I need to write a web application using SQL Server 2005, asp.net, and ado.net. Much of the user data stored in this application must be encrypted (read HIPAA).
In the past for projects that required encryption, I encrypted/decrypted in the application code. However, this was generally for encrypting passwords or credit card information, so only a handful of columns in a couple tables. For this application, far more columns in several tables need to be encrypted, so I suspect pushing the encryption responsibilities into the data layer will be better performing, especially given SQL Server 2005’s native support for several encryption types. (I could be convinced otherwise if anyone has real, empirical evidence.)
I’ve consulted BOL, and I’m fairly adept at using google. So I don’t want links to online articles or MSDN documentation (its likely I’ve already read it).
One approach I’ve wrapped my head around so far is to use a symmetric key which is opened using a certificate.
So the one time setup steps are (performed by a DBA in theory):
- Create a Master Key
- Backup the Master Key to a file, burn to CD and store off site.

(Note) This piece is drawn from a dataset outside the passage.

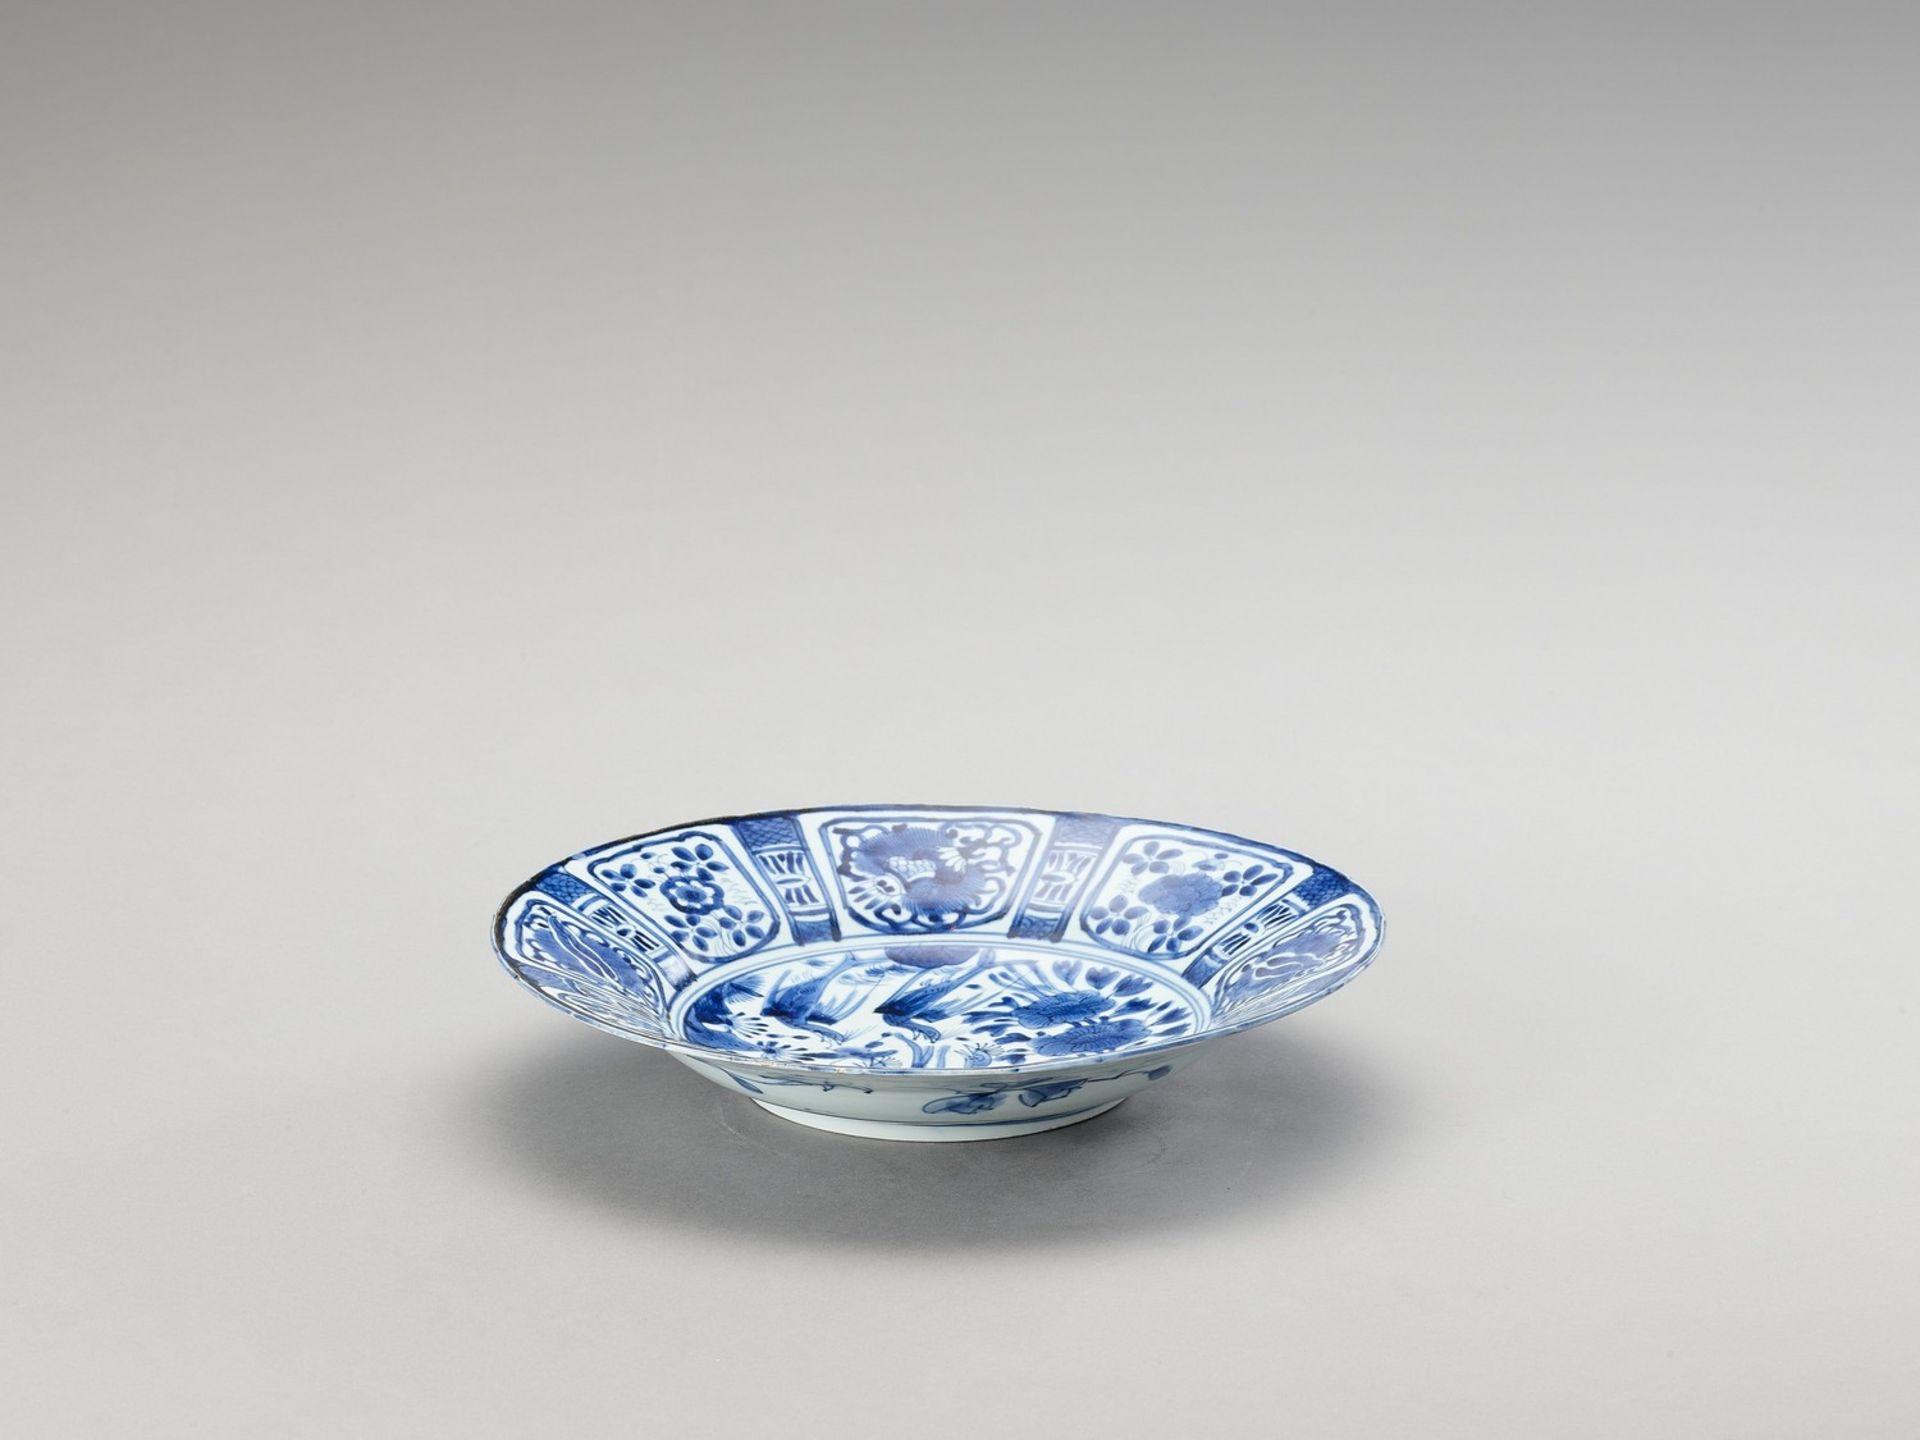 A BLUE AND WHITE PORCELAIN DISH - Bild 2 aus 4
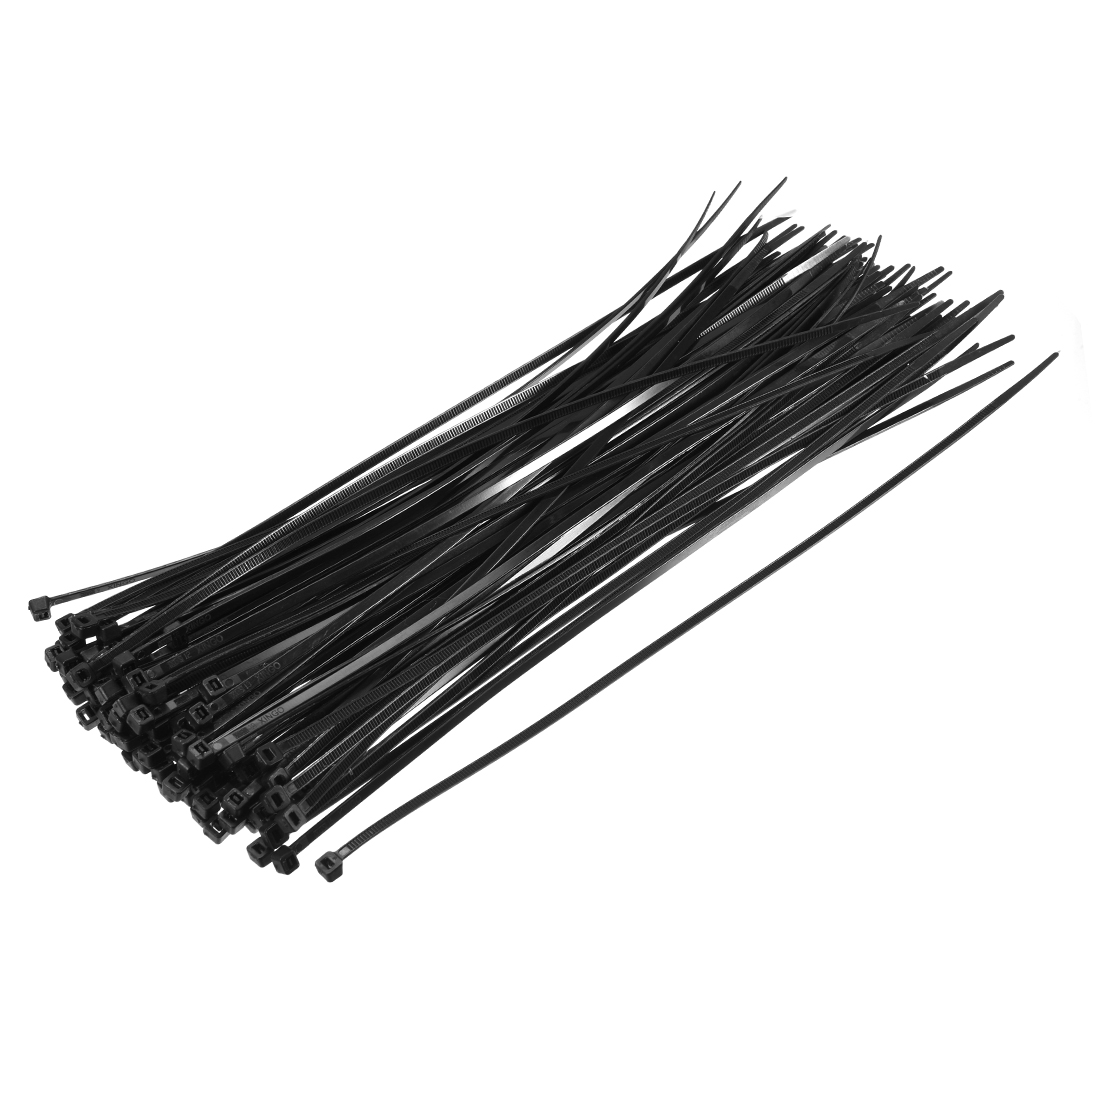 Cable Zip Ties 200mmx2.8mm Self-Locking Nylon Tie Wraps Black 500pcs

- Open the Master Key and create a certificate.
- Backup the certificate to a file, burn to CD and store off site.
- Create the Symmetric key with encryption algorithm of choice using the certificate.
Then anytime a stored procedure (or a human user via Management Studio) needs to access encrypted data you have to first open the symmetric key, execute any tsql statements or batches, and then close the symmetric key.
Then as far as the asp.net application is concerned, and in my case the application code’s data access layer, the data encryption is entirely transparent.
So my questions are:
-
Do I want to open, execute tsql statements/batches, and then close the symmetric key all within the sproc? The danger I see is, what if something goes wrong with the tsql execution, and code sproc execution never reaches the statement that closes the key. I assume this means the key will remain open until sql kills the SPID that sproc executed on.
-
Should I instead consider making three database calls for any given procedure I need to execute (only when encryption is necessary)? One database call to open the key, a second call to execute the sproc, and a third call to close the key. (Each call wrapped in its own try catch loop in order to maximize the odds that an open key ultimately is closed.)
-
Any considerations should I need to use client side transactions (meaning my code is the client, and initiates a transaction, executes several sprocs, and then commits the transaction assuming success)?
1) Look into using TRY..CATCH in SQL 2005. Unfortunately there is no FINALLY, so you’ll have to handle both the success and error cases individually.
2) Not necessary if (1) handles the cleanup.
3) There isn’t really a difference between client and server transactions with SQL Server. Connection.BeginTransaction() more or less executes ‘BEGIN TRANSACTION’ on the server (and System.Transactions/TransactionScope does the same, until it’s promoted to a distributed transaction). As for concerns with open/closing the key multiple times inside a transaction, I don’t know of any issues to be aware of.